Hilary Hahn (violin), Leslie Ann Bradley (soprano), Lauren Segal (mezzo-soprano), Lawrence Williford (tenor), Gordon Bintner(bass-baritione)
Amadeus Choir, Lydia Adams (artistic director), The Toronto Symphony Orchestra, Peter Oundjian (conductor)

L. A. Bradley (Courtesy of the Toronto Symphony Orchestra)

The second set of concerts in the TSO Mozart Festival, this time featuring works from the composer’s years before he moved to Vienna, got off to a dazzling start with Hilary Hahn performing the fifth and last of the violin concertos composed when he was 19. It is a cliché to write about a violinist’s “singing tone” - but in this case inescapable. The work gained its nickname thanks to the rivetting eruption of Turkish-style tonalities and rhythms in the third movement. Ms. Hahn handled it all with total aplomb, rendering the work not just beautiful but worthy of serious contemplation as well.

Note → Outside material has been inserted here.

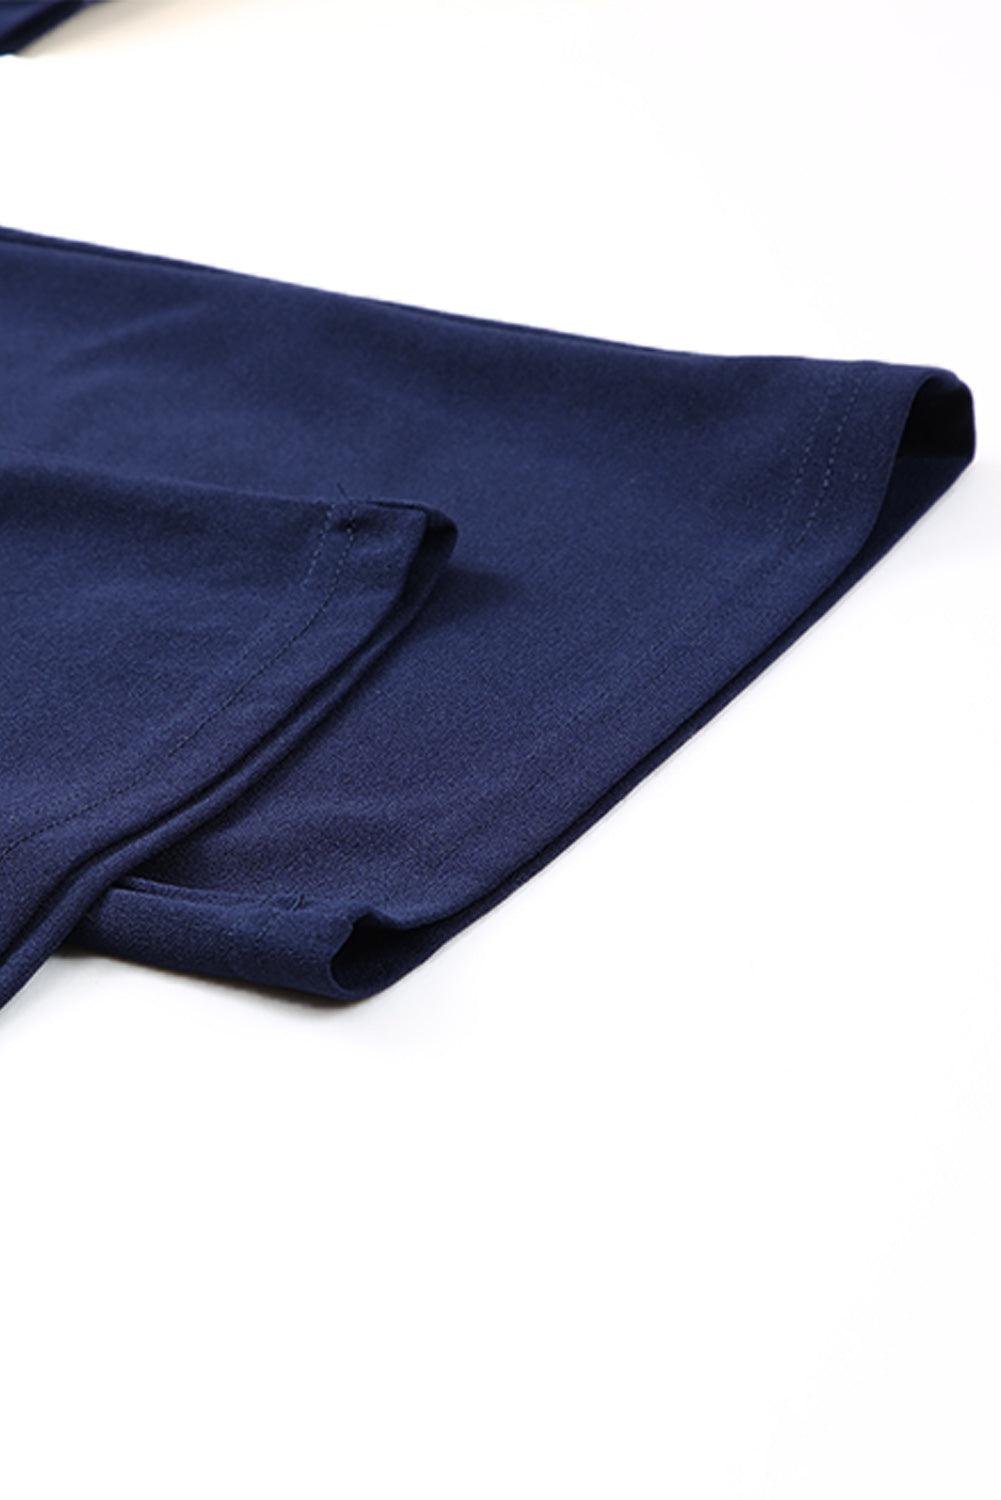 Dark Blue Solid Color Casual Belted Wide Leg Jumpsuit - Vesteeto

By the way, she played cadenzas composed by the legendary Joseph Joachim. She also gave a rivetting encore: the Bourrée From Bach’s Partita No. 3 in E-major.

The vocal part of the evening opened with Leslie Ann Bradley performing one of Mozart’s “greatest hits”, the “Laudate Dominum” from Vesperae solennes de confessore. She achieved a seemingly artless soaring simplicity that is exactly what serves the piece best. The 70-voice choir’s contribution lacked the ultimate in refinement. In both this work and the following mass they spent far too much time singing mezzo-forte.

Ms. Bradley was again nicely featured in the Coronation Mass. The other lead vocalist in the piece is the tenor, and here Lawrence Williford’s laser-like voice contributed just what the work requires. The rich voices of Lauren Segal and Gordon Bintner provided strong support. Peter Oundjian gave precise shape to each of the mass’s six sections.

The third and final set of Mozart concerts will feature Louis Lortie as pianist and conductor.